Artificial intelligence is not taking over radiology, but it is providing additional learning and systems that arm radiologists with more information. It is a collaborative tool that can enhance, support and streamline the process, reducing the diagnosis burden and improving workflow efficiency.
The longer AI is used, the deeper the learning and radiologists can treat more patients effectively and efficiently. Human discernment paired with deep learning of AI is the future of radiology. Radiology could become one of the most creative medical specialties for those seeking to problem-solve.
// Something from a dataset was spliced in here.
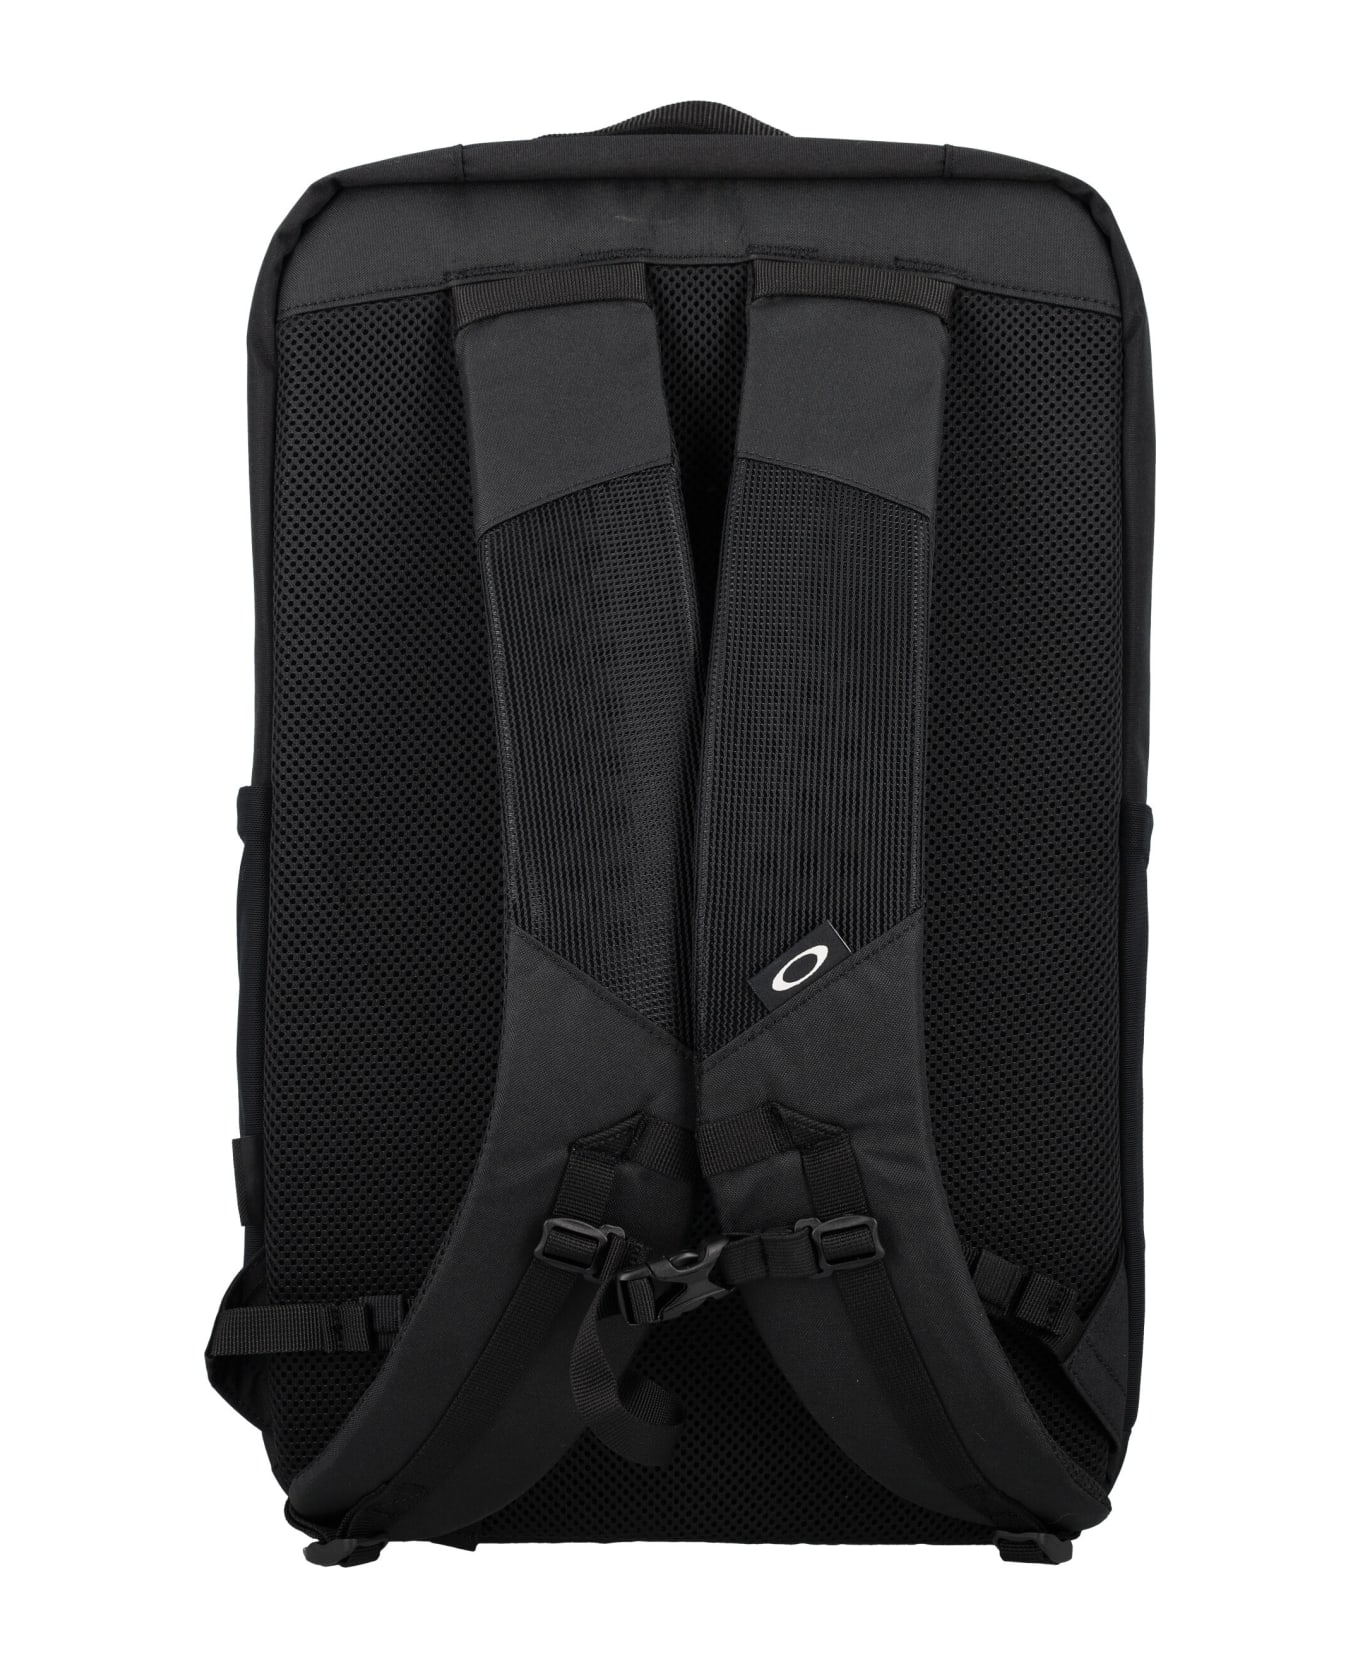 Oakley Essential Backpack M 8.0 - BLACKOUT
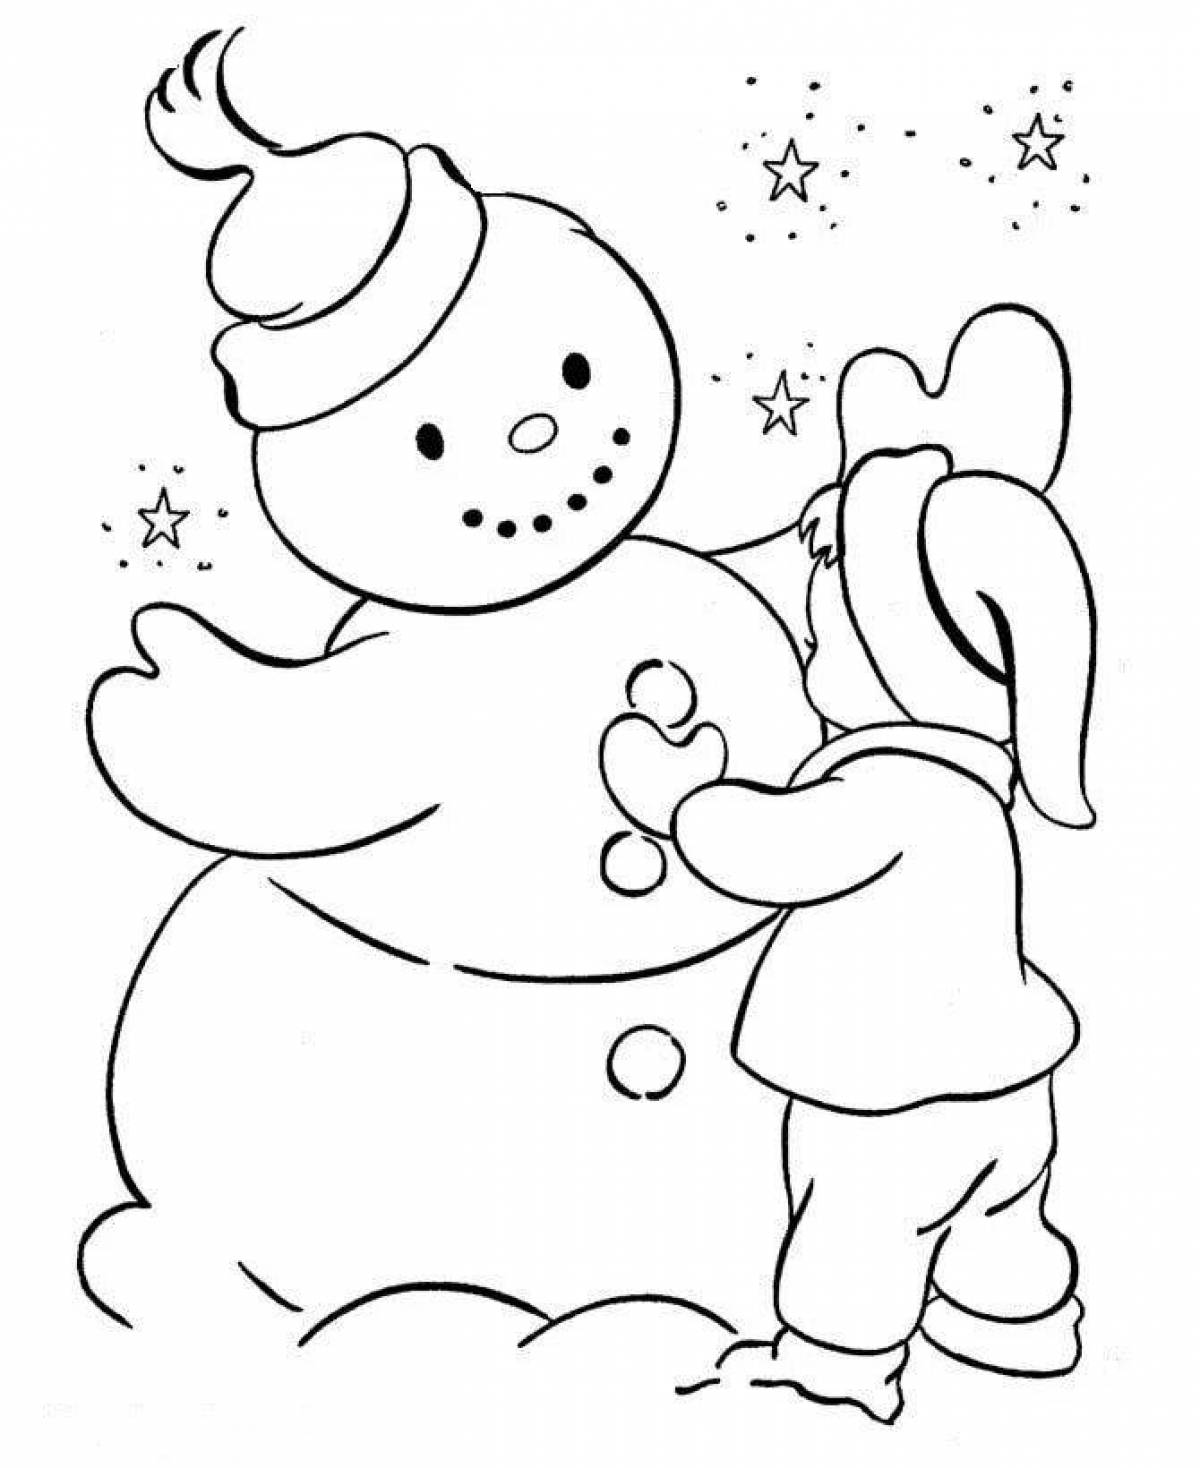 Nice snowman coloring book

What software do radiologists use?
Picture Archiving and Communication Systems (PACS) are the backbone of modern radiology, including image capture, management, transfer, distribution and storage. PACS assist radiologists and their health systems from initial image to diagnosis. While technology continues to evolve and change, so do PACS. PACS are robust solution sets intended to house, recall and archive medical imaging file formats. In their best iteration, PACS are intuitive, responsive and user-friendly. Yet, they are also flexible and customizable to the end user. When radiologists and system administrators evaluate software, KLAS rankings are an important consideration.
What is machine learning in radiology?
Machine learning means a computer improves its performance on future tasks based on information from past tasks. Essentially, computers learn from data accumulation. Machine learning algorithms evolve with increasing exposure to data. Computers learn from examples to understand, interpret and label diagnostic images. Complex patterns can be identified by machines and aid radiologists in evaluating data reports from CT, MRI and PET images.
Deep learning is a subset of machine learning used most in radiology that is multiple layers of algorithms interconnected with hierarchies of importance for the most meaningful data.